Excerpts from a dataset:

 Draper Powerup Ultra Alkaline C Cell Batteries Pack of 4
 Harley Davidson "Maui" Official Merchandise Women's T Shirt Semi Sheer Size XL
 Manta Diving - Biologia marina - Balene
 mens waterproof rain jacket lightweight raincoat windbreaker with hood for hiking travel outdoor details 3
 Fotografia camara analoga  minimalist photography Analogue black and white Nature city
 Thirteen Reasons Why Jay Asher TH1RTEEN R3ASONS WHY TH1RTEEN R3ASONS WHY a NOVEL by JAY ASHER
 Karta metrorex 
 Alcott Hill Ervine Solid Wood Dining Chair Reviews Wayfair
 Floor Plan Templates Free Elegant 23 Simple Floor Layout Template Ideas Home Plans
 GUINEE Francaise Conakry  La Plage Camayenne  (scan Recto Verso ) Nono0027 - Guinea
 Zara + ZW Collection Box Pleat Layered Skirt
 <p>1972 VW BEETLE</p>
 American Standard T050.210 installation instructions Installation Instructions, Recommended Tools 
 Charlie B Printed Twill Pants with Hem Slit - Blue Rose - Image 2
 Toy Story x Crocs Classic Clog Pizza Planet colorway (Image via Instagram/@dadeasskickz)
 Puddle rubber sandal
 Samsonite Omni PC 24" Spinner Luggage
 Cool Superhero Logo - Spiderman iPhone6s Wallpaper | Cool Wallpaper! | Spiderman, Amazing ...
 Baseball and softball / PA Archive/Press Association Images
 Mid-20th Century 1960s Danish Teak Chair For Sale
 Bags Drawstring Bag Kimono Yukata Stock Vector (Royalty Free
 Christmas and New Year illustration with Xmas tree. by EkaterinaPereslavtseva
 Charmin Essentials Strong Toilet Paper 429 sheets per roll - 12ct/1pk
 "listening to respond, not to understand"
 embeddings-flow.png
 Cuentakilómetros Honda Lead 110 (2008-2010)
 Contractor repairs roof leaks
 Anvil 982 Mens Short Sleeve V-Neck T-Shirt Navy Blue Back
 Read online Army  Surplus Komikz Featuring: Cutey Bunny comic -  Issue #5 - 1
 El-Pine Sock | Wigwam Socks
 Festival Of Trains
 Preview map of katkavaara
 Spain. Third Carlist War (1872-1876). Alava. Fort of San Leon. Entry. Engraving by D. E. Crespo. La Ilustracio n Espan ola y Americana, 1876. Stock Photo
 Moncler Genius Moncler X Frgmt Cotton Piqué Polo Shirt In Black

Prompt> Could you return exactly the lines above from the line with "Cuentakilómetros Honda Lead 110 (2008-2010)" to the line with "Preview map of katkavaara", both included, and nothing else?

Completed exercise>
 Cuentakilómetros Honda Lead 110 (2008-2010)
 Contractor repairs roof leaks
 Anvil 982 Mens Short Sleeve V-Neck T-Shirt Navy Blue Back
 Read online Army  Surplus Komikz Featuring: Cutey Bunny comic -  Issue #5 - 1
 El-Pine Sock | Wigwam Socks
 Festival Of Trains
 Preview map of katkavaara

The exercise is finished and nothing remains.